Chinese Treebank 7.0 includes text from the following genres and sources.

*Genre*

	

*# words*

Newswire (Xinhua)

	250,000

News Magazine (Sinorama)

	

150,000

Broadcast News (CBS, CNR, CTS, CCTV, VOM)

	

270,000

Broadcast Conversation (CCTV, CNN, MSNBC, Phoenix)

	

170,000

Total

	

840,000

The annotation of syntactic structure trees for the Chinese newswire 
data was taken from Chinese Treebank 5.0 and updated with some 
corrections. Known problems, like multiple tree nodes at the top level, 
were fixed. Inconsistent annotations for object control verbs were also 
corrected. The residual Traditional Chinese characters in the Sinorama 
portion of the data, the result of incomplete automatic conversion, have 
been manually normalized to Simplified Chinese characters.

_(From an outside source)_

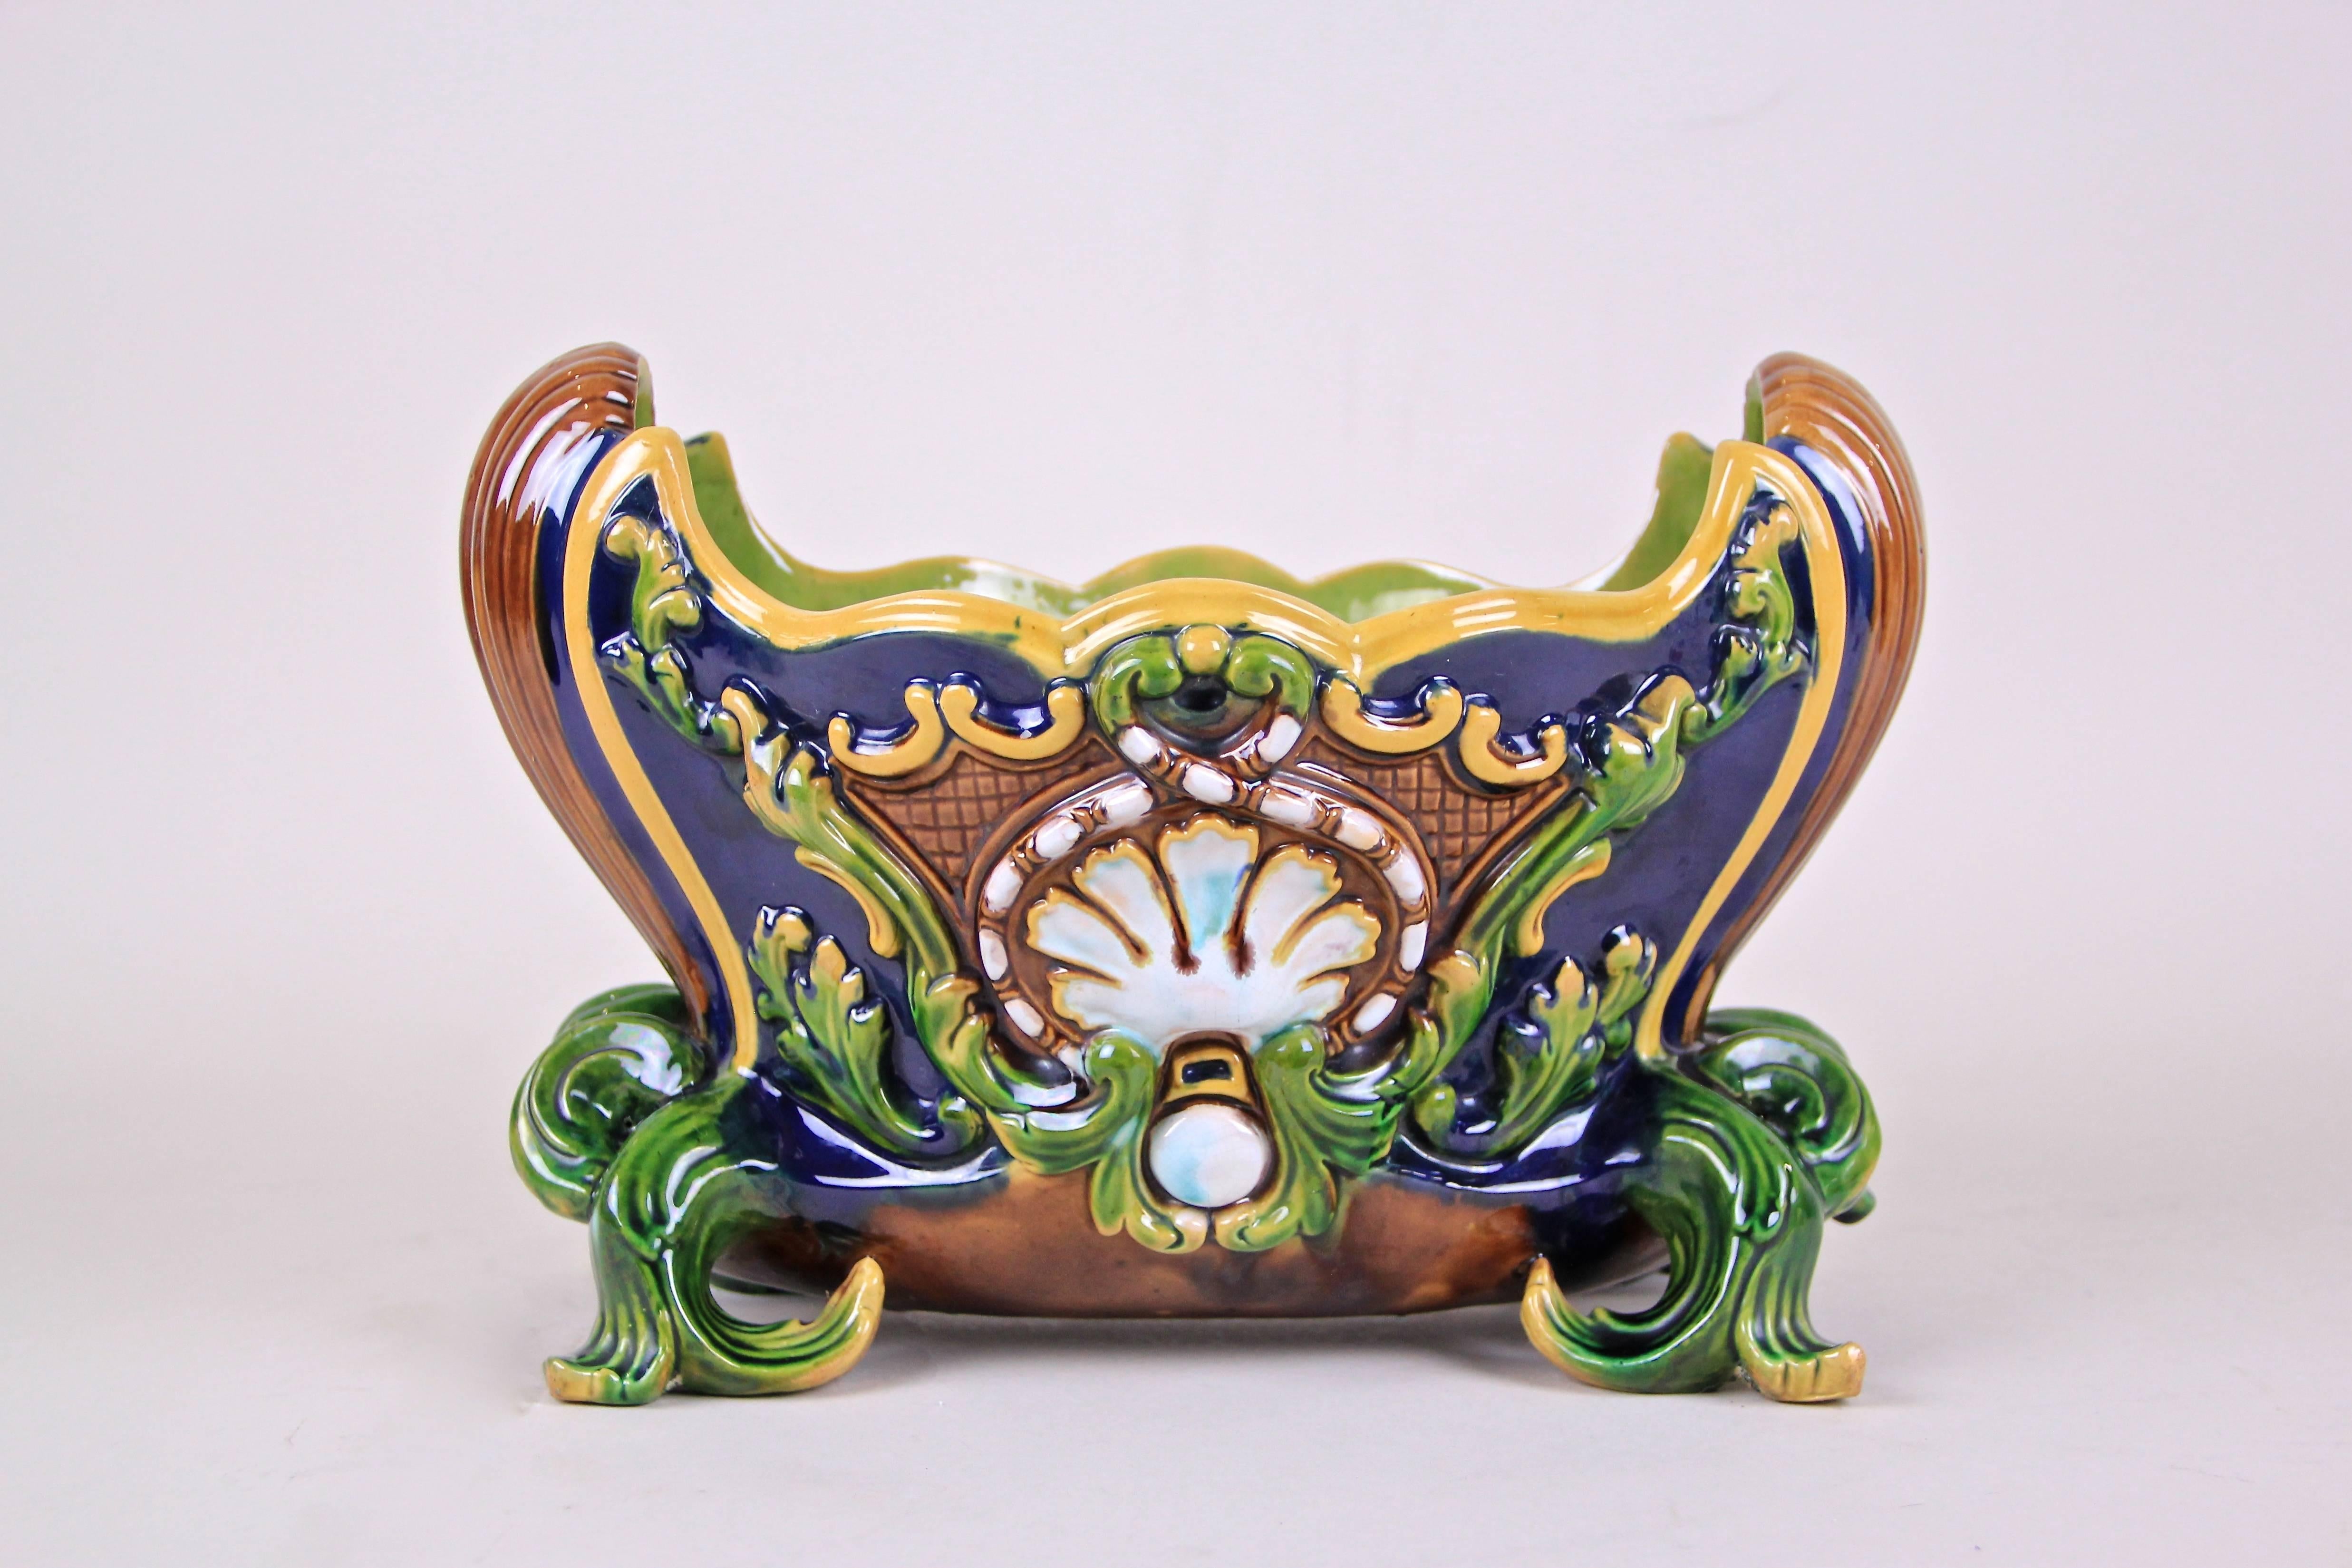 Charming Majolica centerpiece or Jardinière from the renowned company of Wilhelm Schiller & Son in Bohemia from circa 1890. This fantastic designed piece of majolica shows a gorgeous floral design in combination with great color compositions from

This release contains the frame files for each annotated verb or noun, 
which specify the argument structure (semantic roles) for each 
predicate. The frame files are effectively lexical guidelines for the 
propbank annotation. The semantic roles annotated in this data can only 
be interpreted with respect to these frame files.  The annotation of the 
verbs in the Xinhua news portion of the data is taken from Chinese 
Proposition Bank 1.0 (LDC2005T23) 
<http://www.ldc.upenn.edu/Catalog/CatalogEntry.jsp?catalogId=LDC2005T23>. 
The annotation of the predicate-argument structure of the included 
nouns, which are primarily nominalizations, has not been previously 
released. The Sinorama portion of the data, both for verbs and nouns, 
has not been previously released.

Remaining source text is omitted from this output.